Leave out the images and return all the data word for word.

-- Exercise data --
********

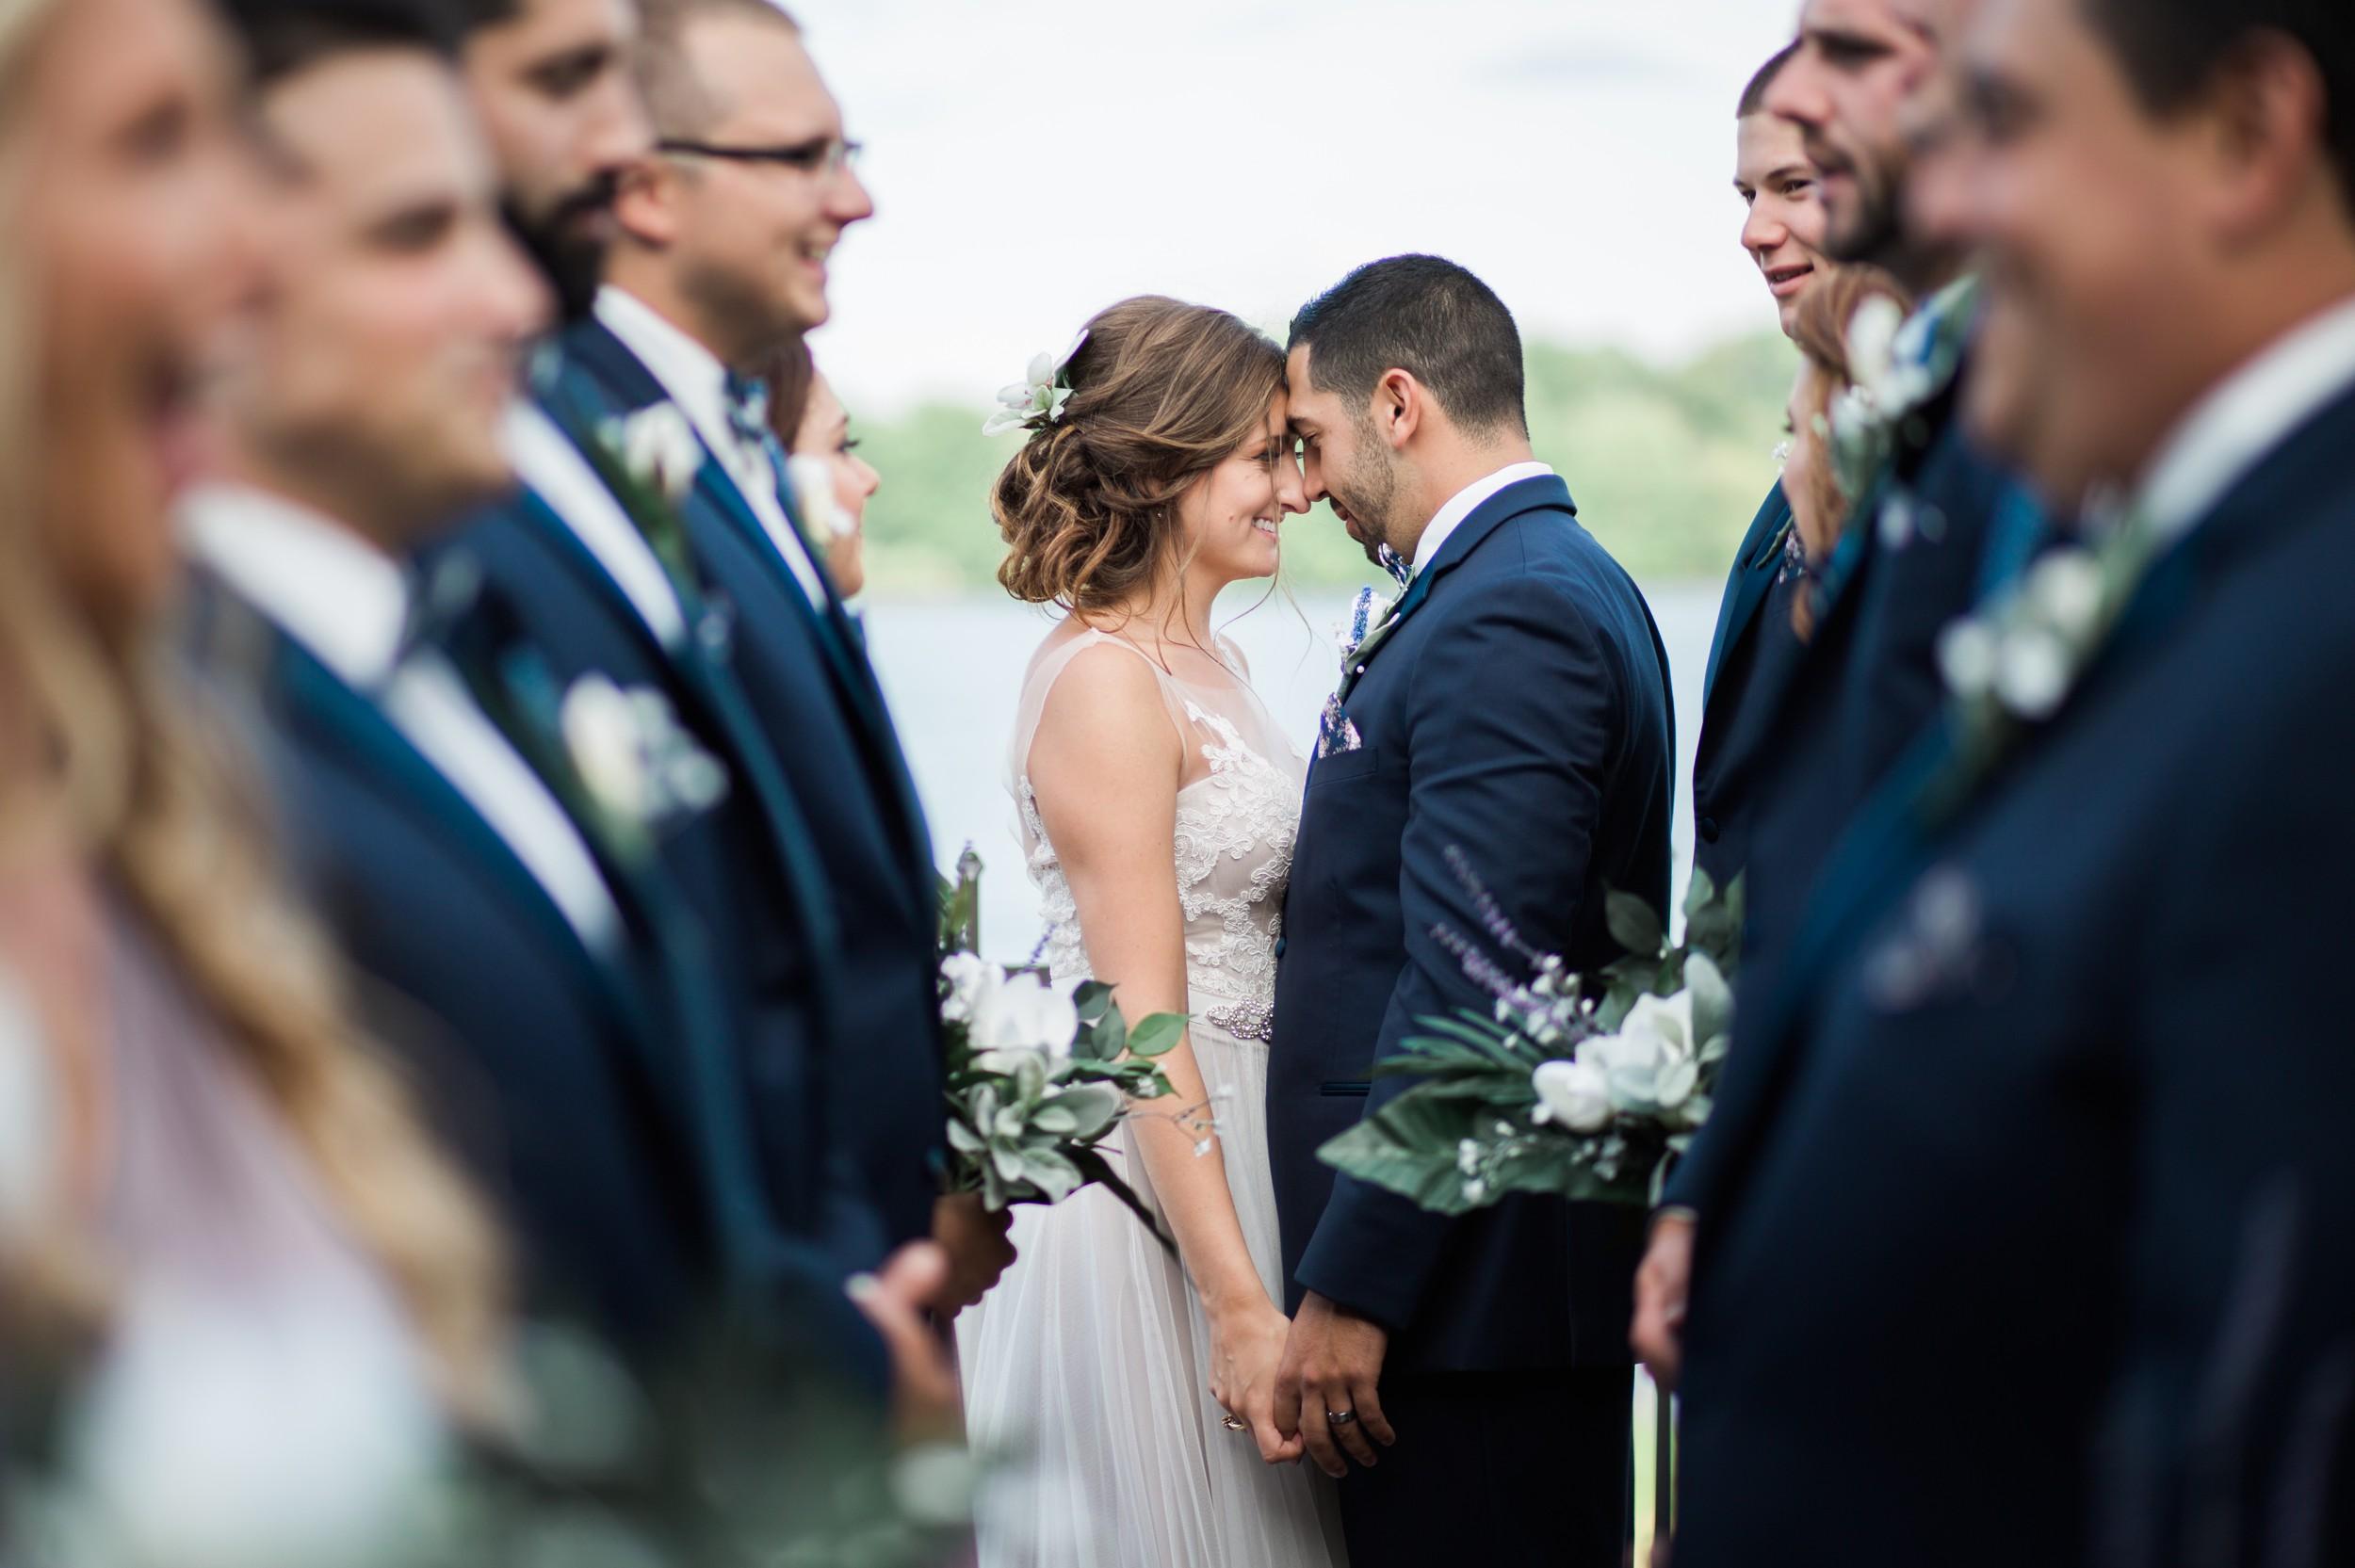 Nick-and-martina-pinelake-vinyards-wedding-columbiana-ohio-tracylynn-photography 20.jpg
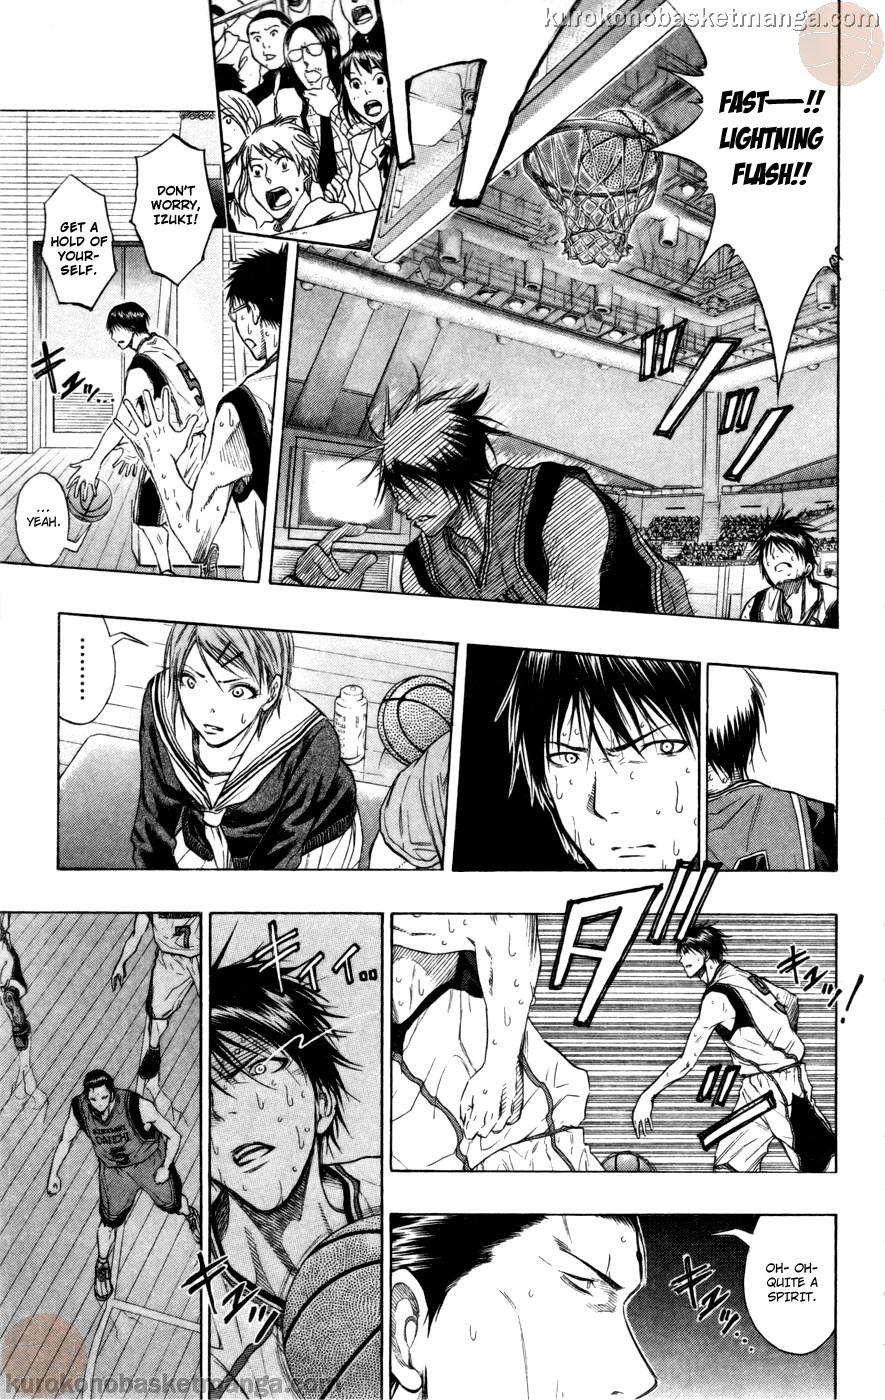 Kuroko no Basket Manga Chapter 104 - Image 09
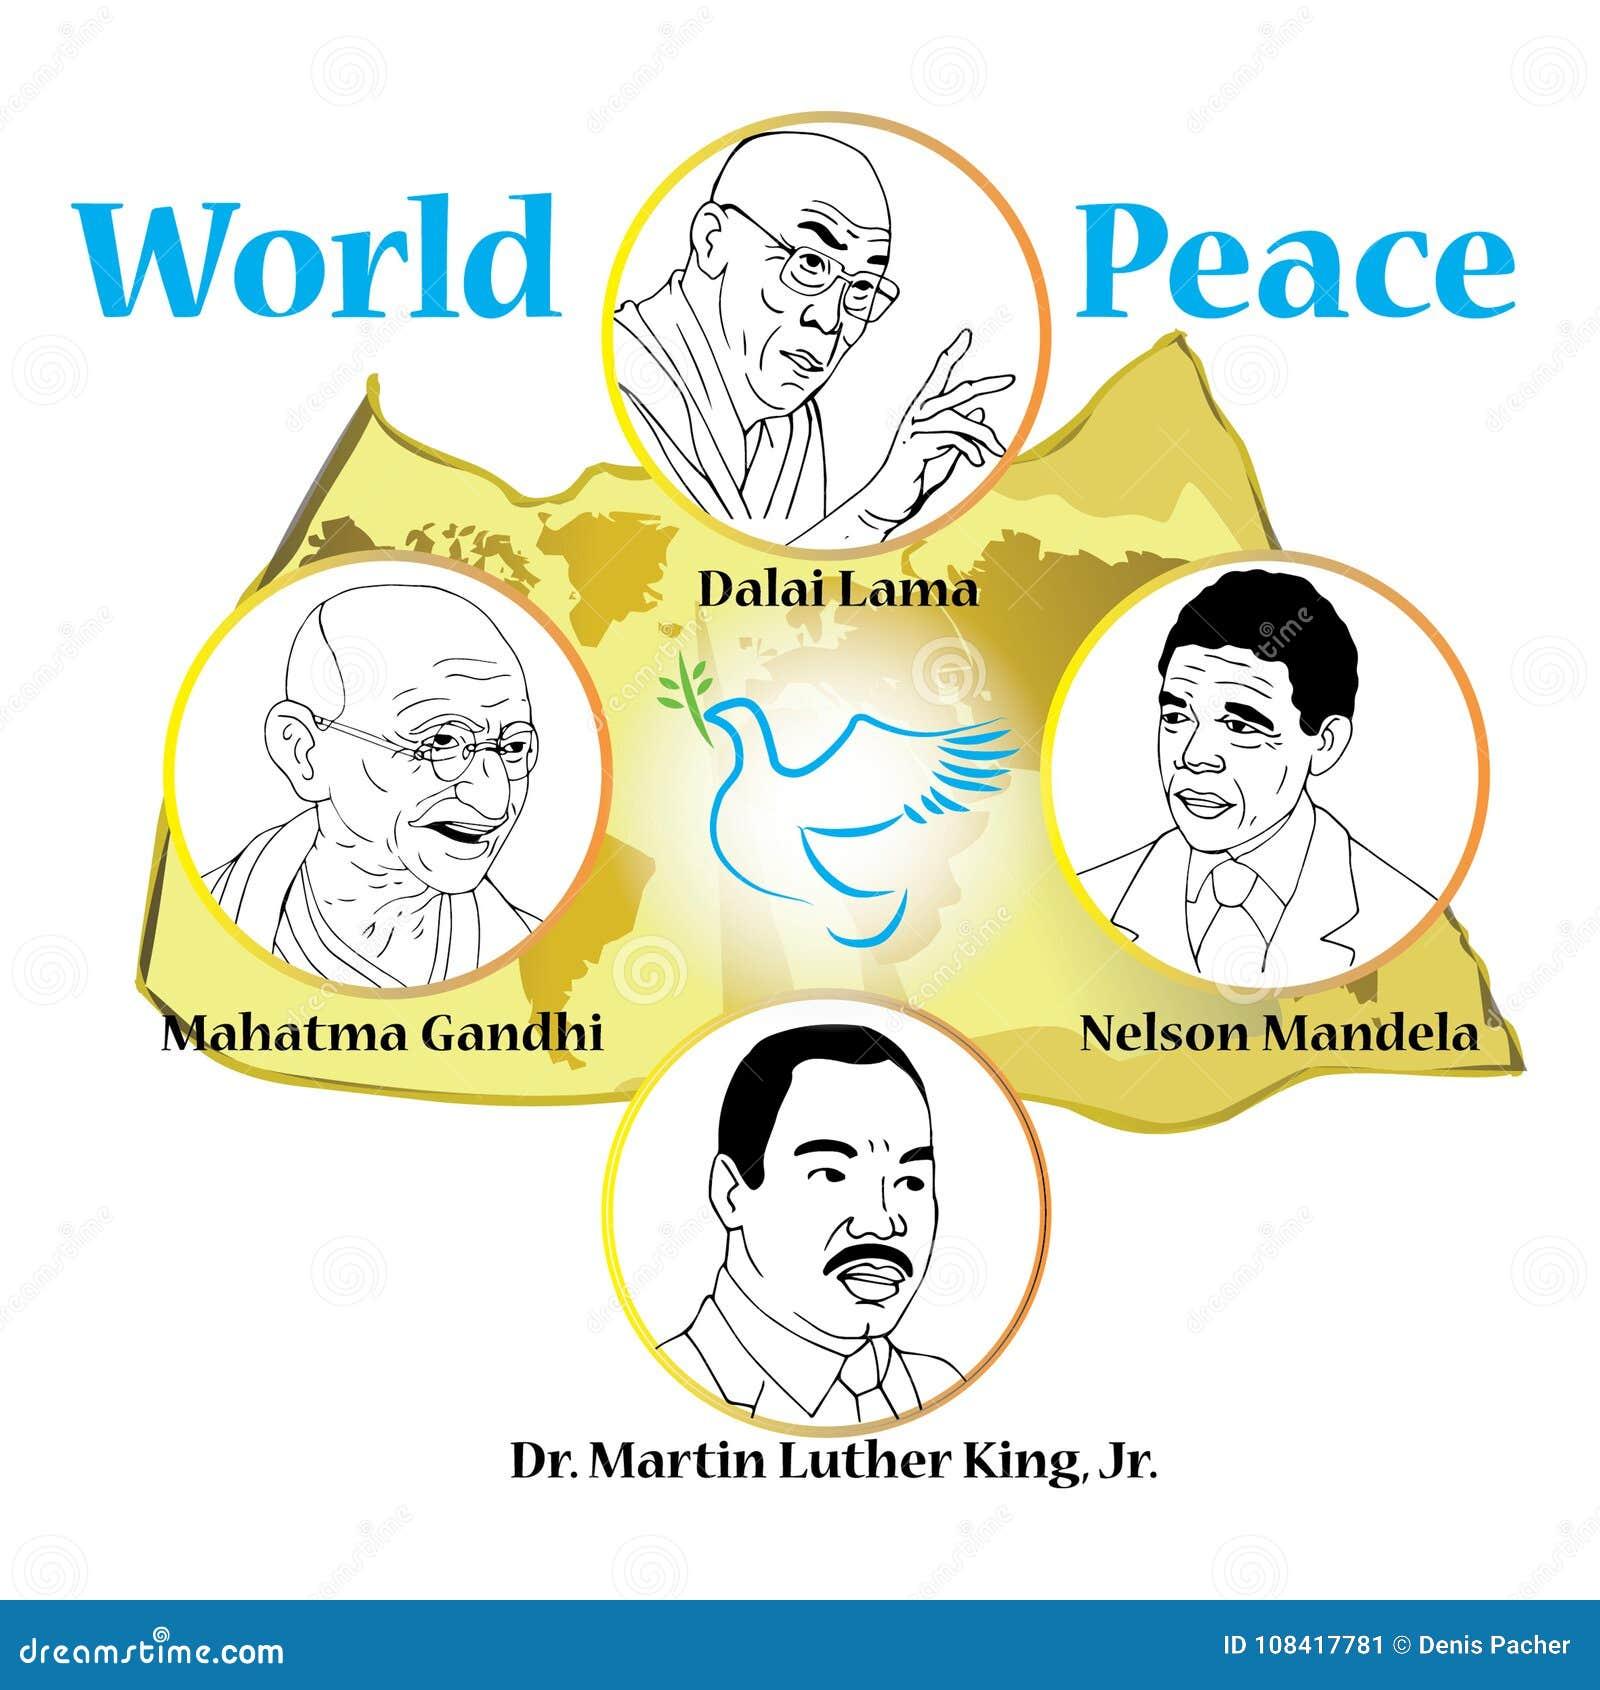 Mahatam Gandhi, Dalai Lama, Nelson Mandela, Martin Luther King

********

-- Answer below --
 Nick-and-martina-pinelake-vinyards-wedding-columbiana-ohio-tracylynn-photography 20.jpg
 Kuroko no Basket Manga Chapter 104 - Image 09
 Mahatam Gandhi, Dalai Lama, Nelson Mandela, Martin Luther King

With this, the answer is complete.